Rx #3-Balance-hey, I was reading somewhere that pre-menopasal symptoms are weird and unexplainable. And with all the unexplainable random crying I've been doing, that could be it. After all, I USE TO be the queen of planks and Core training. Though, I've slacked on doing it myself I delight myself making my clients do planks til they despise me :-)...but for now, that wasn't it either.

Ok, stay with me on this one...maybe it's internal, like deeper than the belly button to spine issue.




Here was my Ah-Ha (sorry Oprah) moment...I remembered reading in one of my FAVORITE books "Captivating: unveiling the mystery of a woman's soul" By Stasi Eldredge; that dizzy spells might be a form of your spirit being out of balance.

Now, I'm not trying to get all woo-y but it kinda made sense. If my spirit was happy one day, sad the next, I'd call that out of balance. But anyway so I pulled out the book for clarity. It made perfect sense.




I'm 10 weeks in the heart of a bible study I'm doing called "Believing God" this study has really helped me know that I can pray and ask God for the smallest or grandest things. It's really increased my faith and understanding of what God wants to bless me with. One of the key principals is to not grow weary in doing what's right and to stand firm because God will never fail me. STAND FIRM!

That was in! Because I decided to take a STAND on believing God is bigger than I've always imagined Him; that whether my prayers are for more time in a day or a miraculous healing or motivation to get in a workout and eat right, because I decided that "ain't nuttin gonna break my stride" there were negative forces tryin' to slow me down! (One of my faves again)


So I up-ed my prayers. I prayed for balance! I prayed for CORE STRENGTH! Ha! Core Strength, how many times have I explained to people the difference between CORE STRENGTH and 6 Pack Abs?
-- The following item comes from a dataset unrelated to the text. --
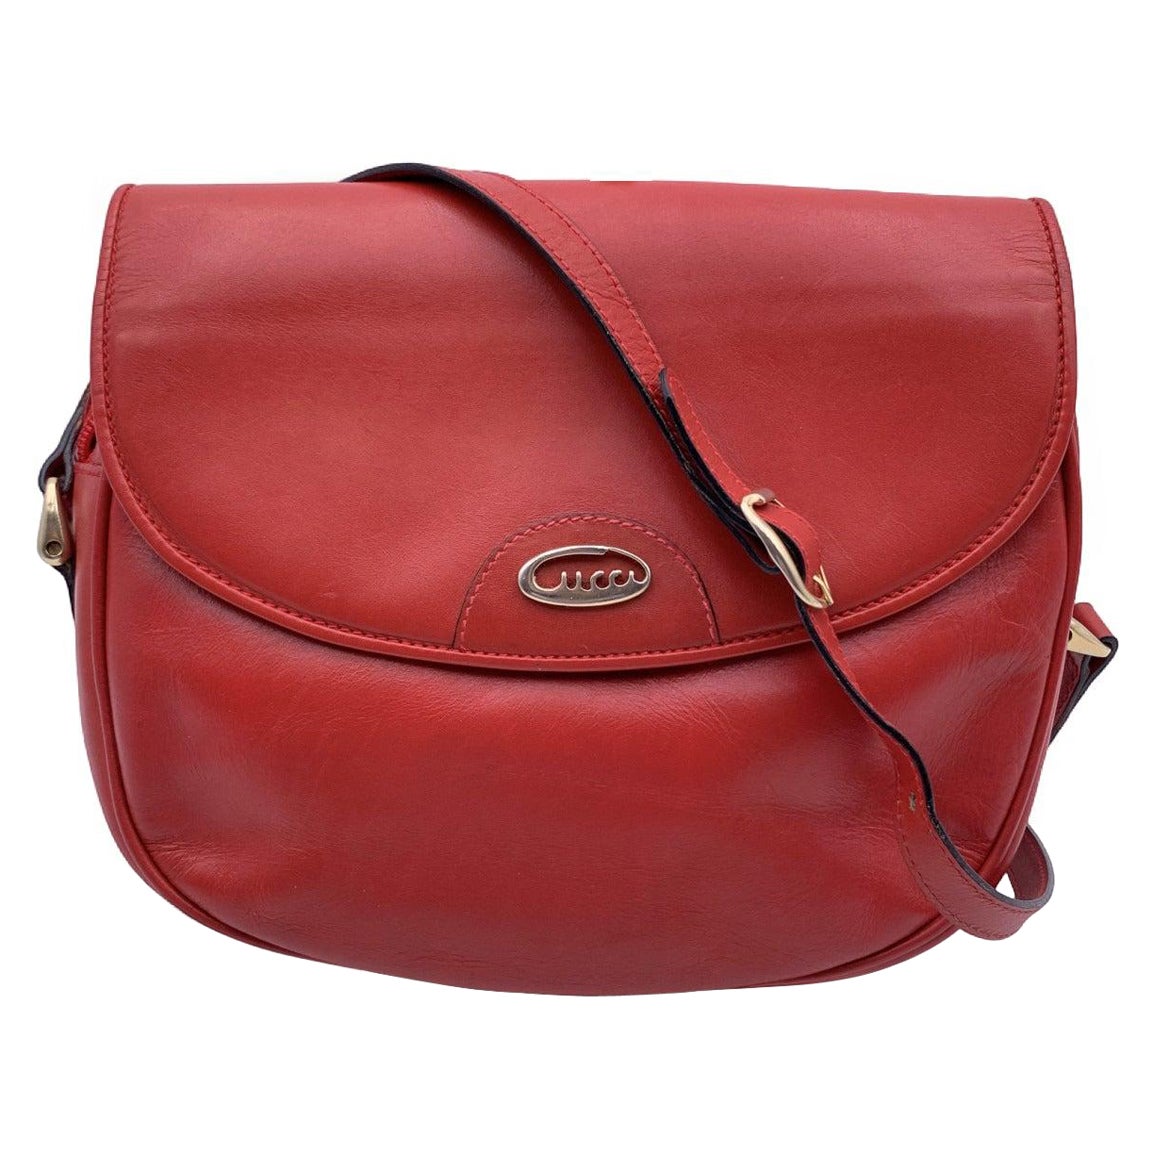 Gucci Vintage Red Leather Flap Crossbody Messenger Bag For Sale

Core Strength is that deep underlying muscle support that keeps everything that's vital to you staying alive, well protected and it keeps your spine in tact so that you can STAND tall and keep your BALANCE.

So that's it, my balance was being challenged. So how do you regain your balance? Focus!...What was I so focused on that it had me dizzy, feeling like I was about to fall over? Have you felt that? Out of control maybe, unstable, waivering on decisions, a little off? What's got your focus?